In the middle of this whole affair, a peculiar thing happened that struck me. Others even commented on it. After the wedding ceremony and the bride and groom walked down the aisle to thunderous applause, the father and mother of the bride then followed them down the aisle. Amazingly they received an even greater ovation. It was noticeable and palpable.

Sure, the crowd of 500 was happy for the lovely couple, but they also spontaneously recognized that the SOURCE of all this extravagance was in one place…..and no one could stop clapping. They just HAD to thank them, to appreciate them and the applause just naturally erupted.

Why? Because of a natural outworking of human nature. I just happened to read a quote last week from C.S. Lewis in his Reflections on the Psalms,

“I think we delight to praise what we enjoy because the praise not merely expresses but completes the enjoyment; it is its appointed consummation.”

In other words, we couldn’t help ourselves but to express our thankfulness because that completed our own enjoyment. That applause gave us BOTH joy!

How does this relate to Thanksgiving and why we find expressing it so important. Because if we don’t, we feel incomplete.

So, thanking and praising and honoring is not an obligation but an opportunity. When we sit around our Thanksgiving Room tables and say what we’re thankful for, we are performing an integral part of who we are.

And why do we not only thank our friends and family but more importantly, the God who made us, who sustains us, who gives us grace at every moment.

“On the way to Jerusalem he was passing along between Samaria and Galilee. And as he entered a village, he was met by ten lepers, who stood at a distance and lifted up their voices, saying, “Jesus, Master, have mercy on us.” When he saw them he said to them, “Go and show yourselves to the priests.” And as they went they were cleansed. Then one of them, when he saw that he was healed, turned back, praising God with a loud voice; and he fell on his face at Jesus’ feet, giving him thanks. Now he was a Samaritan. Then Jesus answered, “Were not ten cleansed? Where are the nine? Was no one found to return and give praise to God except this foreigner?” And he said to him, “Rise and go your way; your faith has made you well.” Luke 17: 11-19

So only one in this story found his joy, and nine didn’t. The one honored Jesus and himself, and the nine did neither. In fact, the nine actually dishonored Jesus by not thanking Him.

So, expressing our thankfulness is not our duty to perform, but our chance to express. And find joy.

Lewis continues:
“It is not out of compliment that lovers keep on telling one another how beautiful they are; the delight is incomplete till it is expressed. It is frustrating to have discovered a new author and not to be able to tell anyone how good he is; to come suddenly, at the turn of the road, upon some mountain valley of unexpected grandeur and then to have to keep silent because the people with you care for it no more than for a tin can in the ditch; to hear a good joke and find no one to share it with.

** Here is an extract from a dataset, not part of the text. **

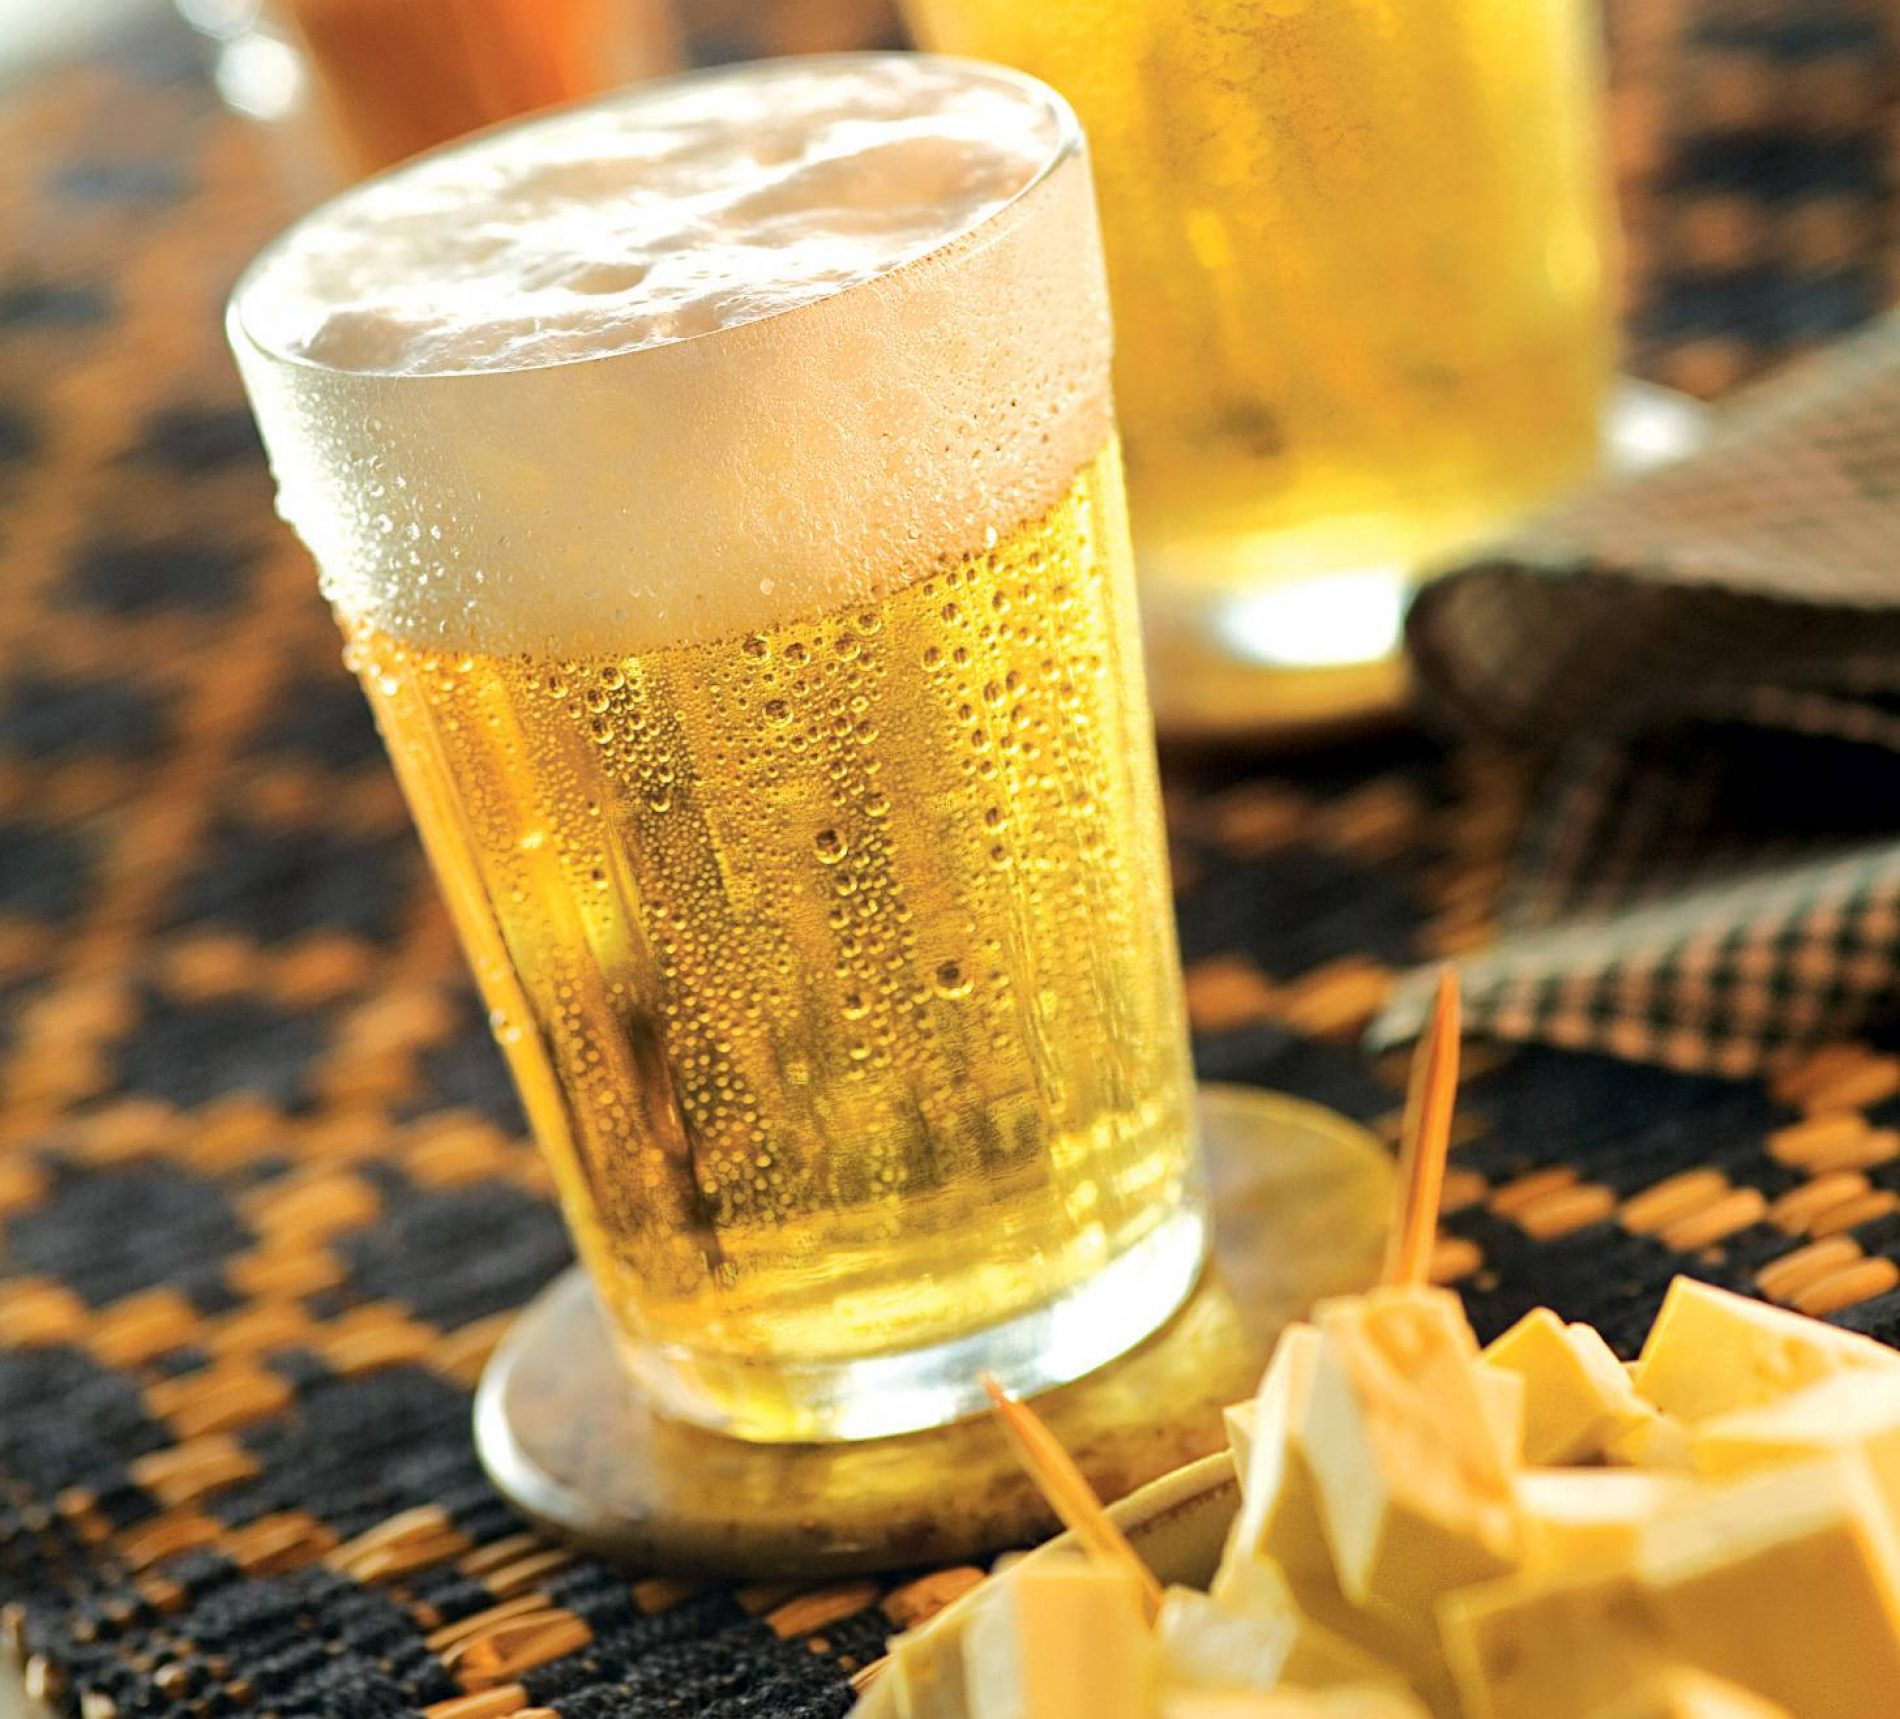 OLÍMPIA: Confeiteiro consome cervejas, lanche e se recusa a pagar a conta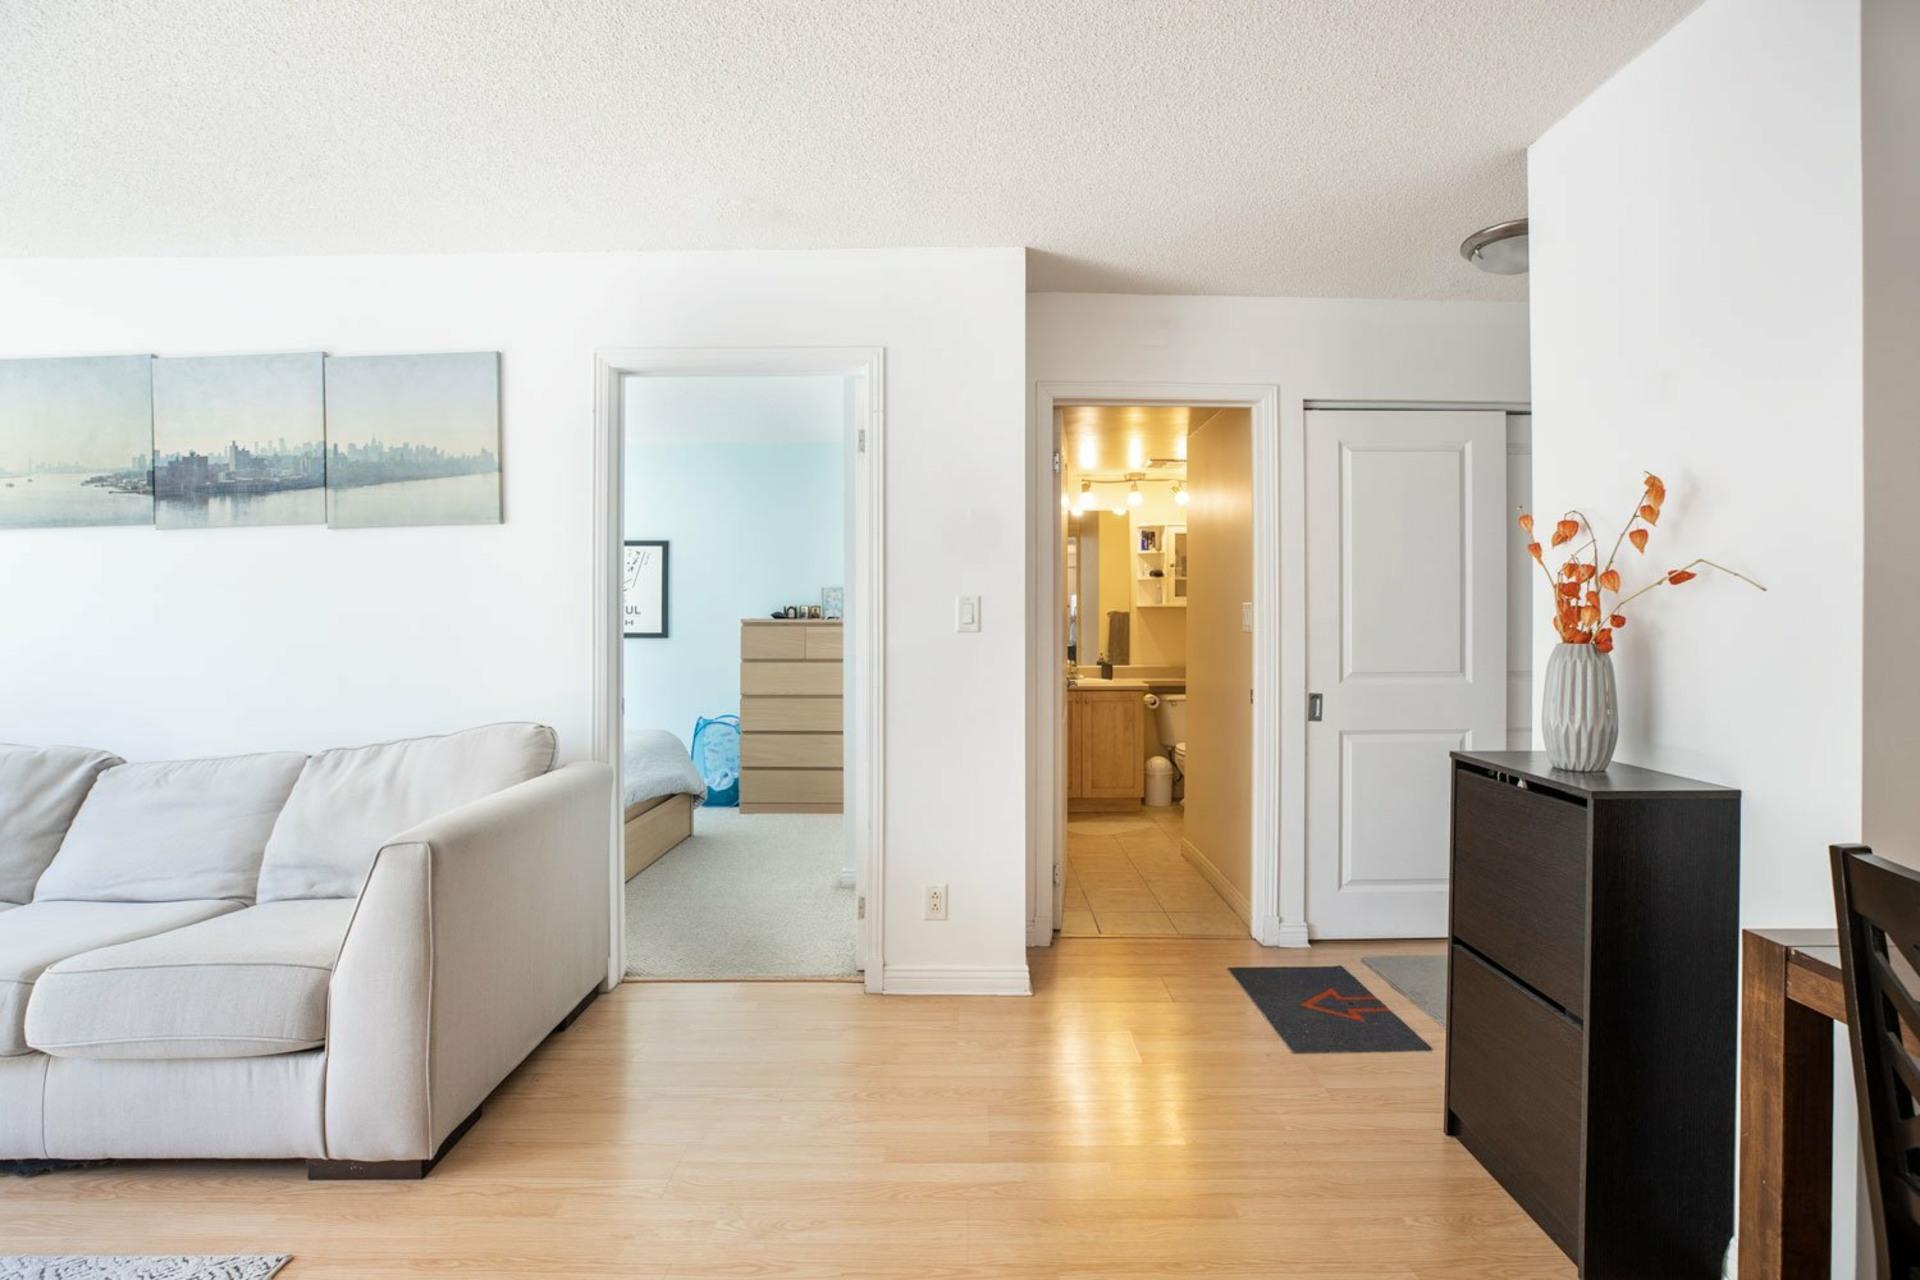 image 9 - Appartement À vendre Ville-Marie Montréal  - 4 pièces

The world rings with praise — lovers praising their mistresses [Romeo praising Juliet and vice versa], readers their favorite poet, walkers praising the countryside, players praising their favorite game — praise of weather, wines, dishes, actors, motors, horses, colleges, countries, historical personages, children, flowers, mountains, rare stamps, rare beetles, even sometimes politicians or scholars. . . . Except where intolerably adverse circumstances interfere, praise almost seems to be inner health made audible. . . . I had not noticed either that just as men spontaneously praise whatever they value, so they spontaneously urge us to join them in praising it: “Isn’t she lovely? Wasn’t it glorious? Don’t you think that magnificent?” The Psalmists in telling everyone to praise God are doing what all men do when they speak of what they care about.”

In response to whatever we regard as supremely Valuable, what we delight to do, what indeed we can’t help doing, about everything else we value… a “spontaneous overflow into praise”.

So, the question arises: Is God what we consider to be Supremely Valuable? And that we care most about?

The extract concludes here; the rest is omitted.